*** Opening of Material provided ***

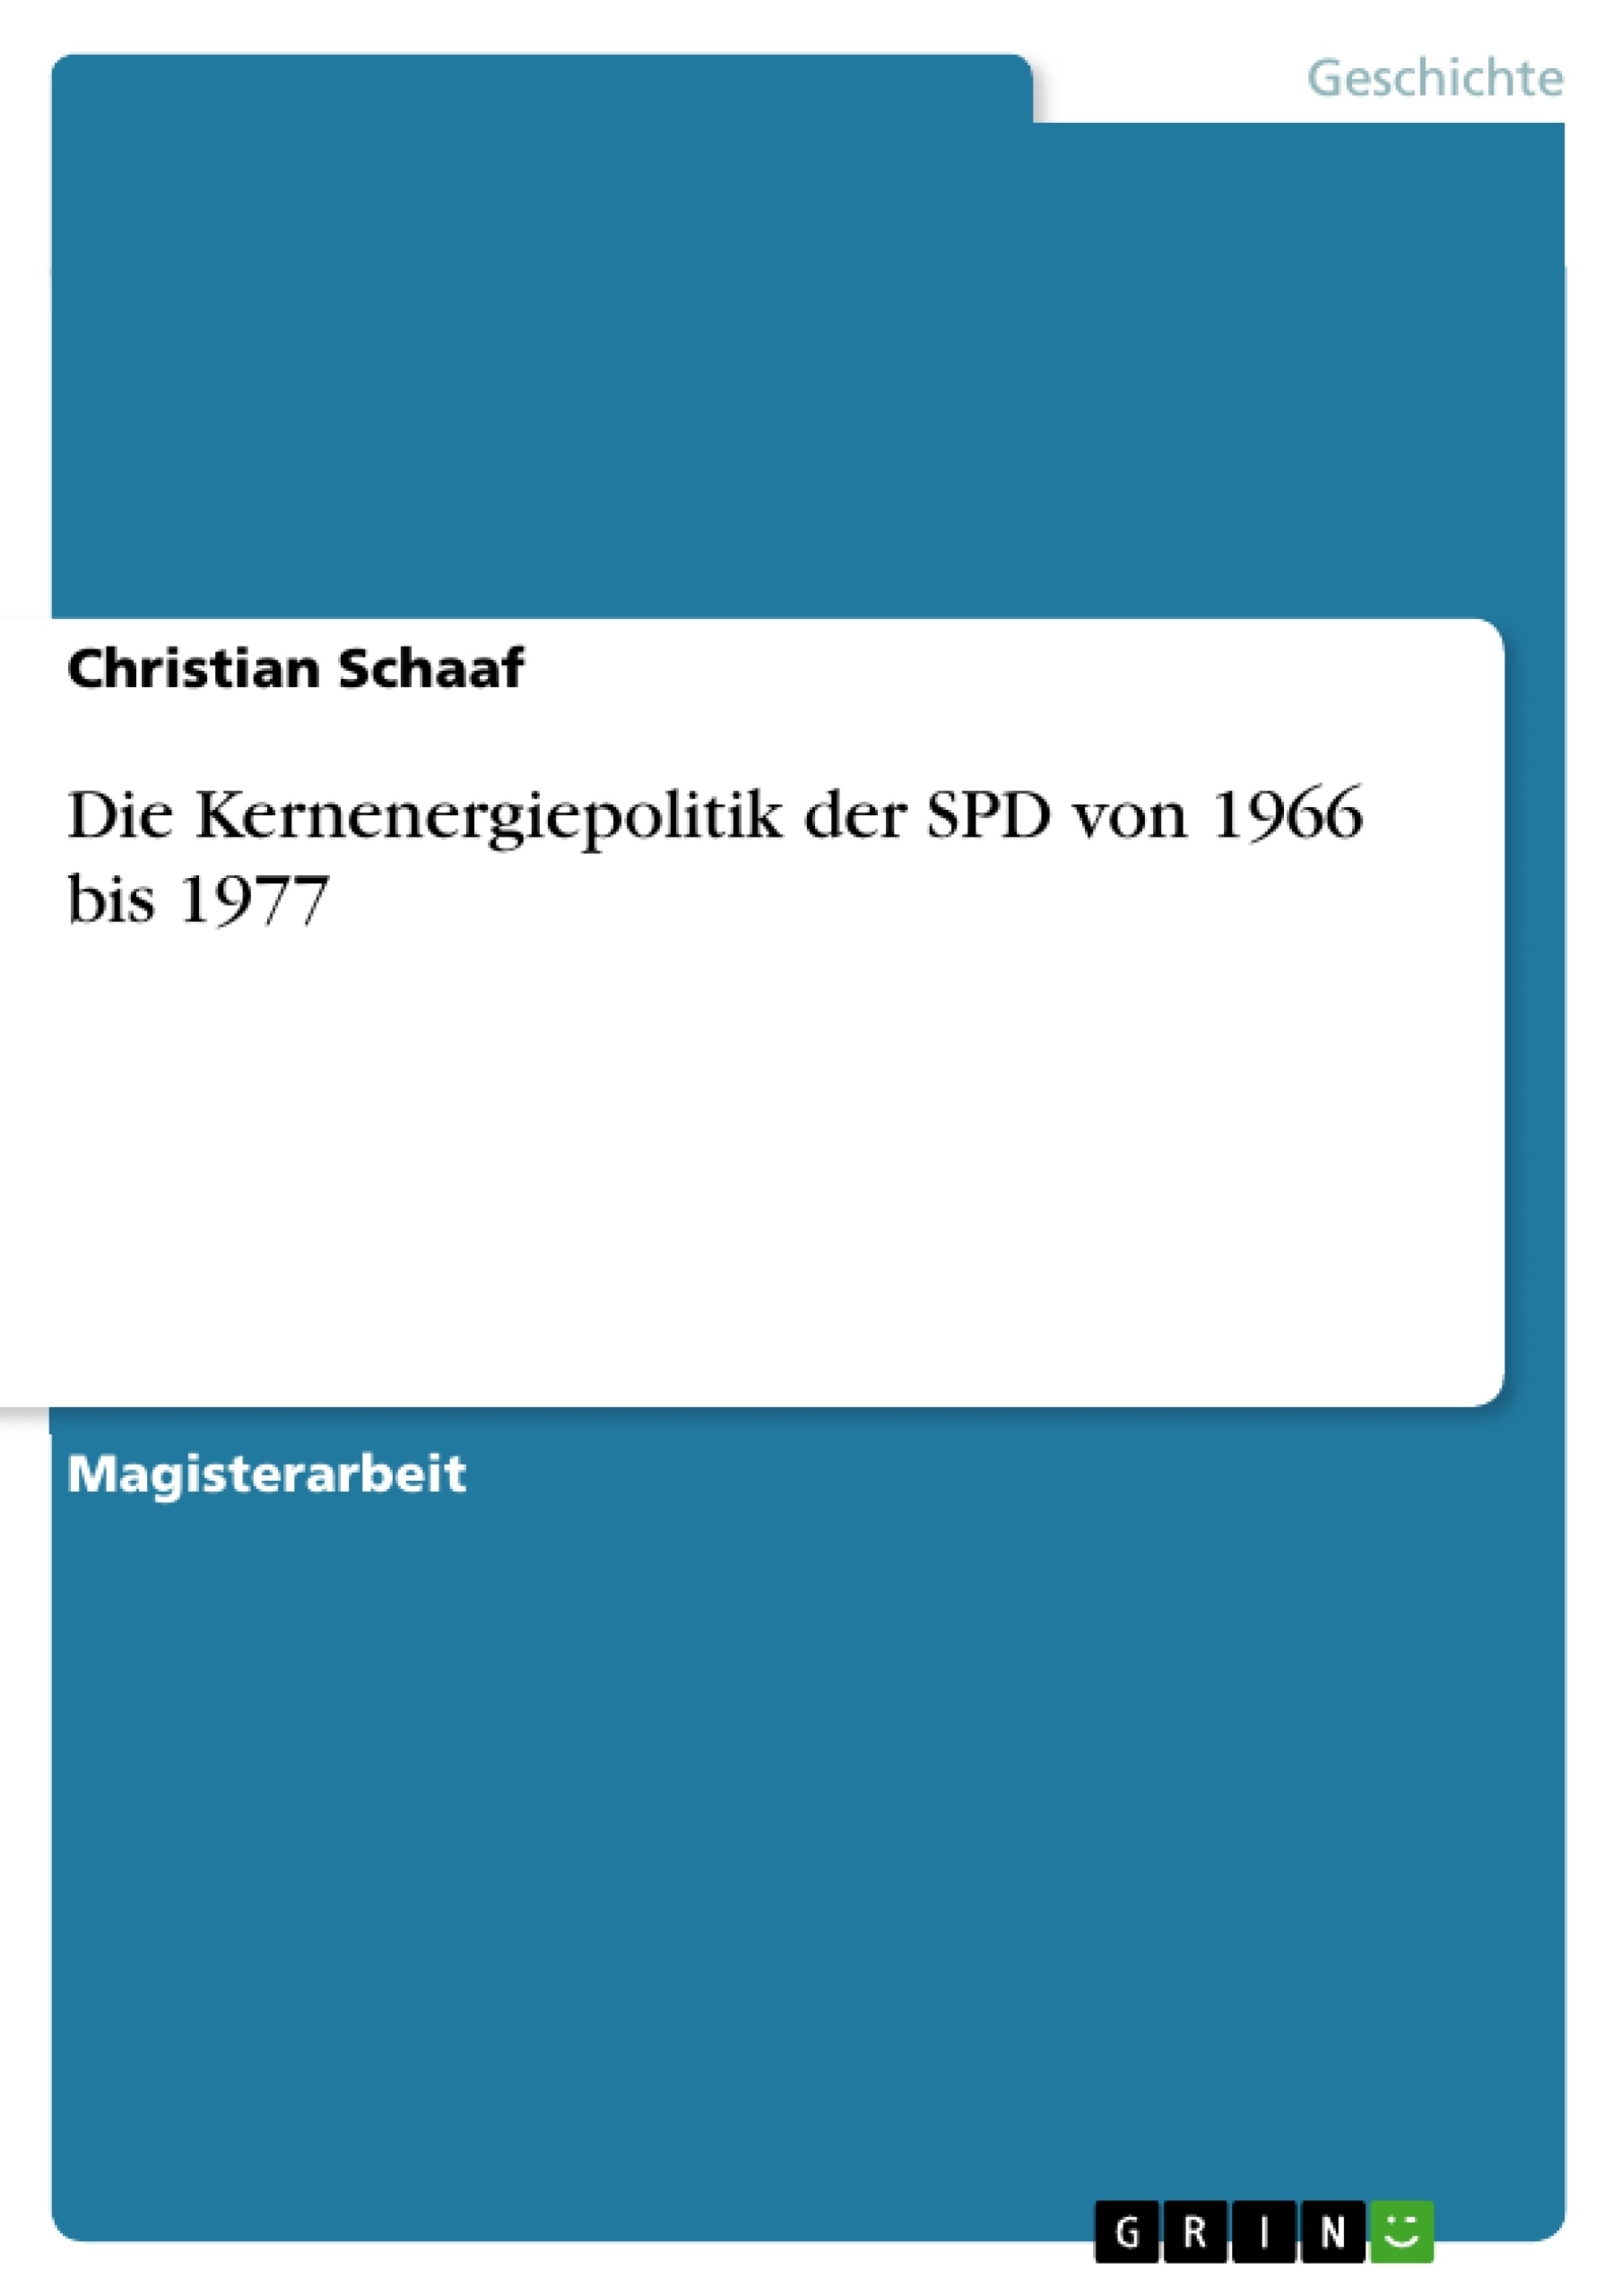 Title: Die Kernenergiepolitik der SPD von 1966 bis 1977
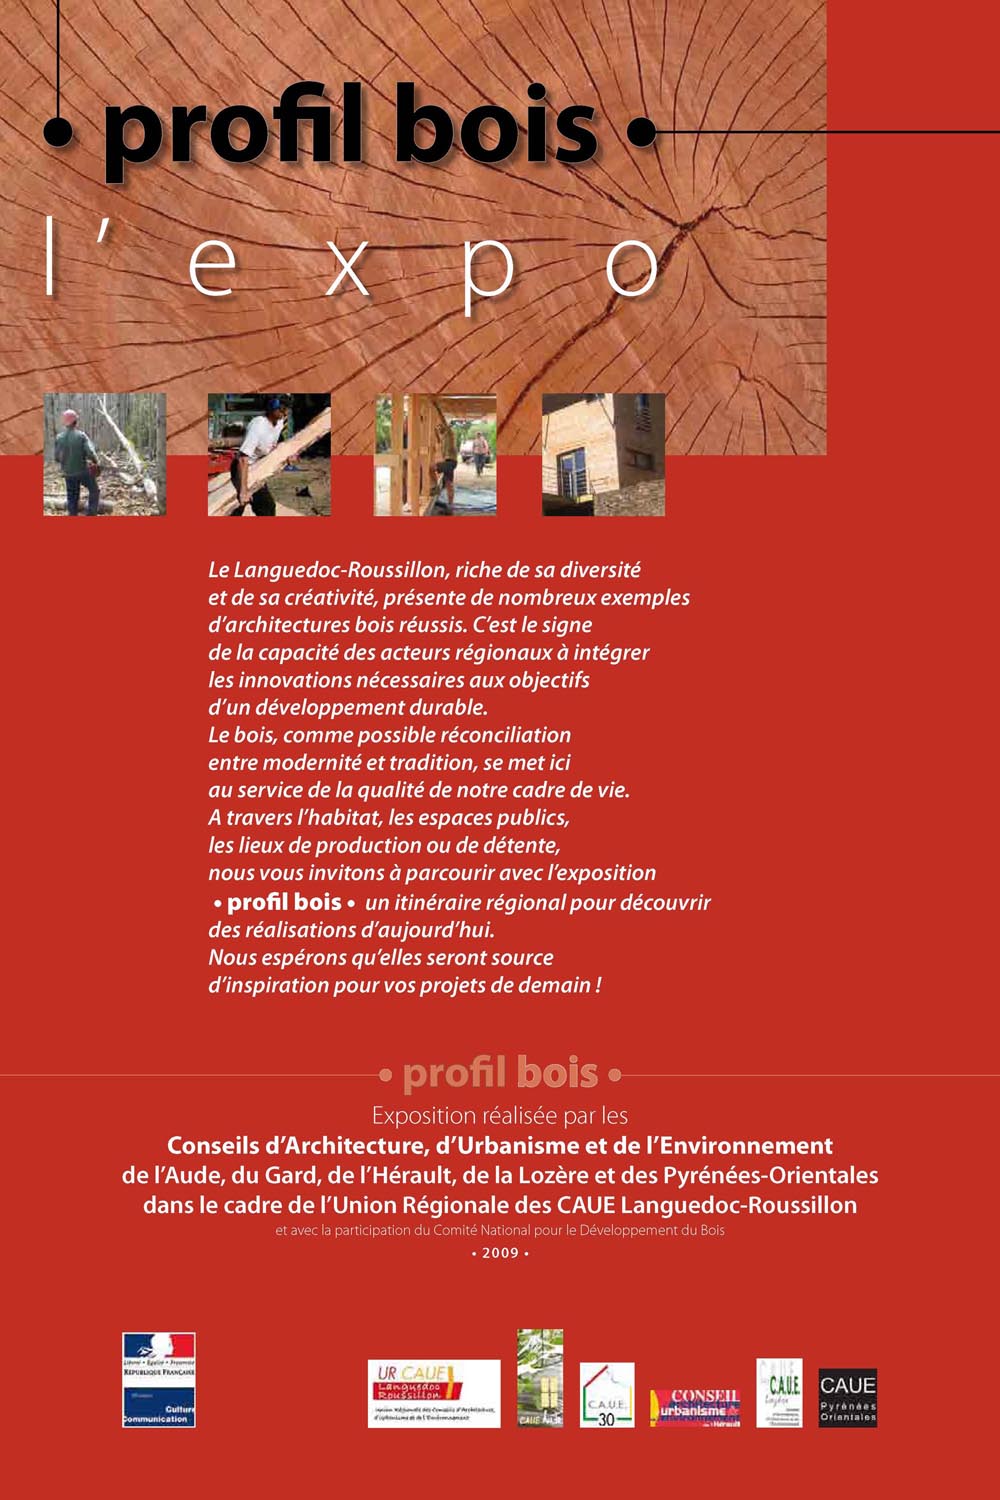 Expo profil bois PDG
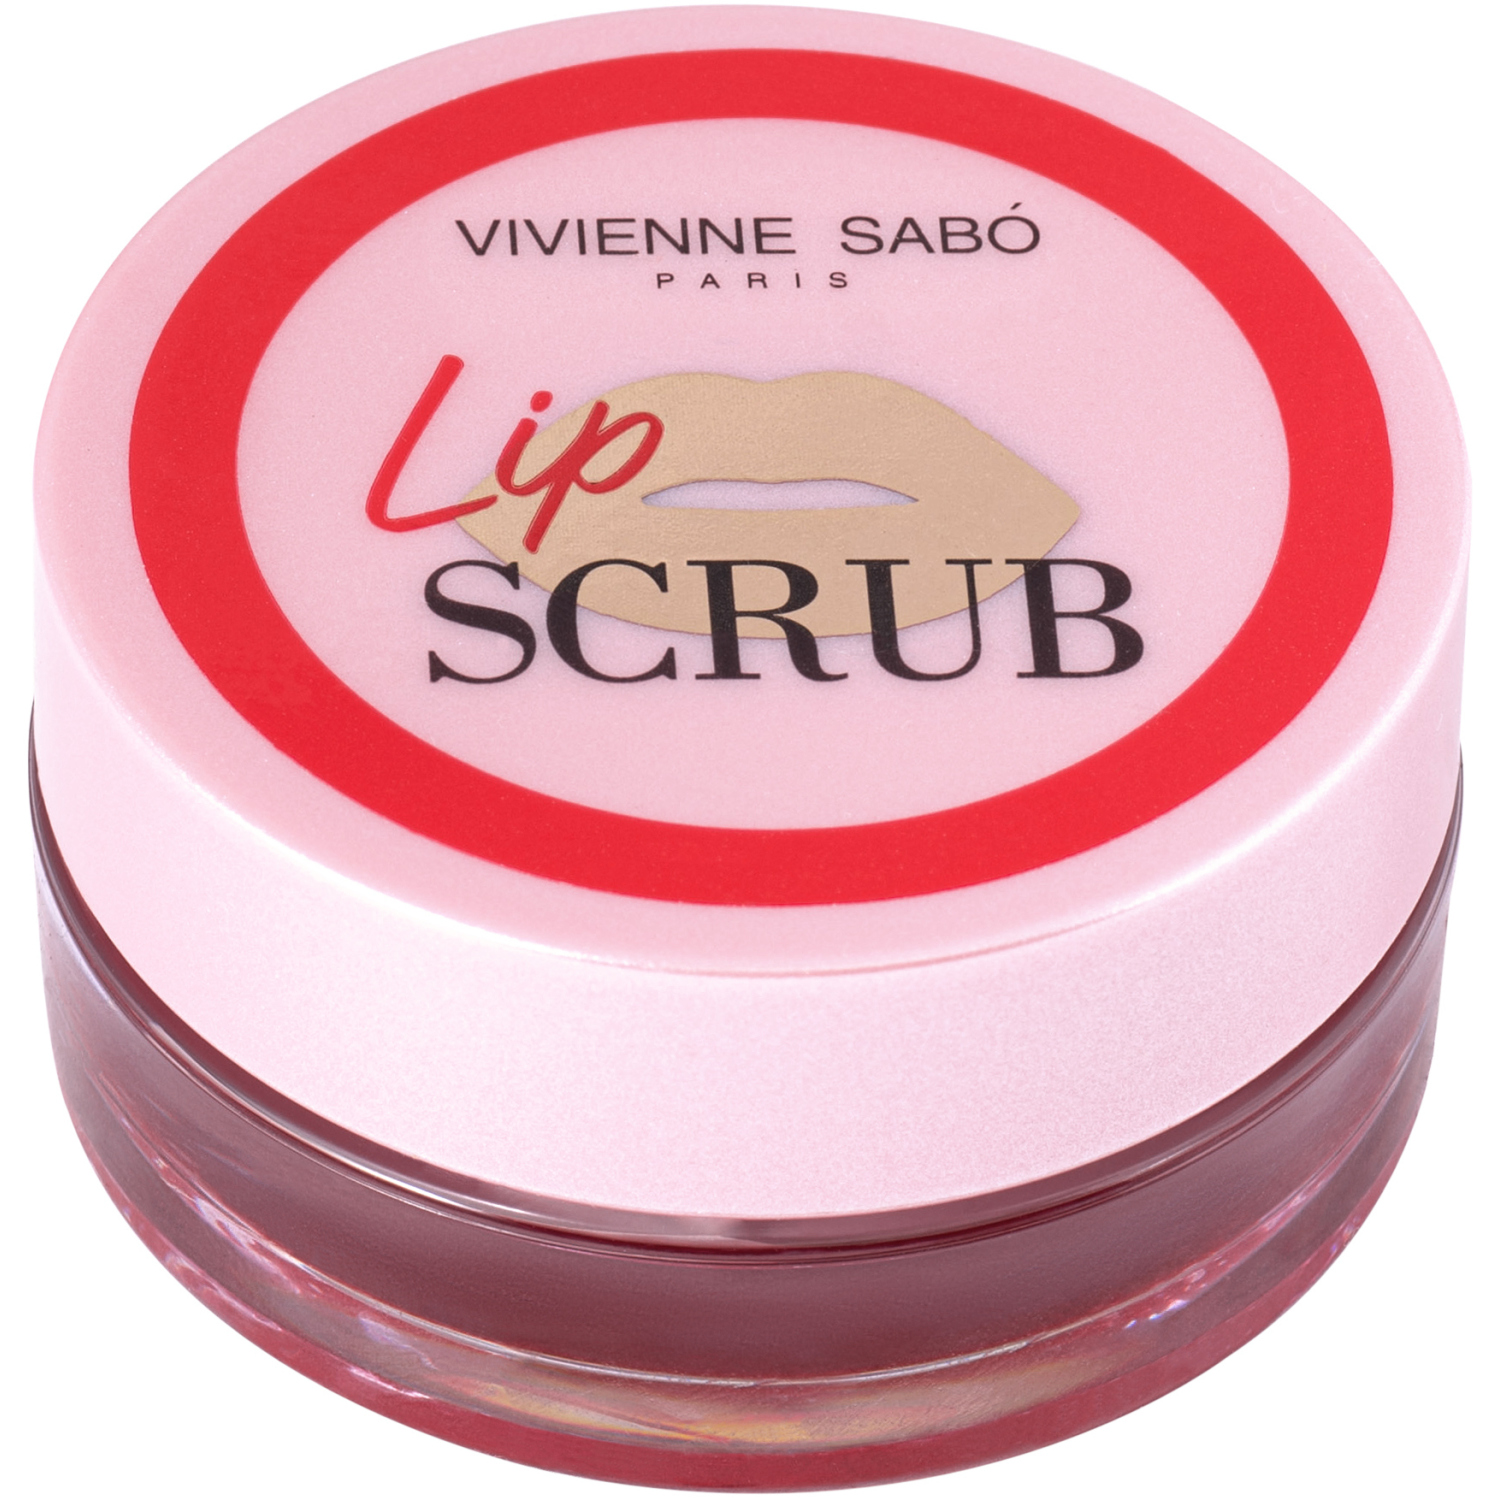 Скраб для губ Vivienne Sabo Lip Scrub, разглаживает, смягчает и тонизирует кожу губ, с масла жожоба и ши, тон 01, красный, 3гр. ваза для ов губы гипс бело красный

*** Close of Material provided ***

## Work instructions
Exactly as written, copy out the listing, but without any pictures.

## Output for this exercise
 Title: Die Kernenergiepolitik der SPD von 1966 bis 1977
 Expo profil bois PDG
 Скраб для губ Vivienne Sabo Lip Scrub, разглаживает, смягчает и тонизирует кожу губ, с масла жожоба и ши, тон 01, красный, 3гр. ваза для ов губы гипс бело красный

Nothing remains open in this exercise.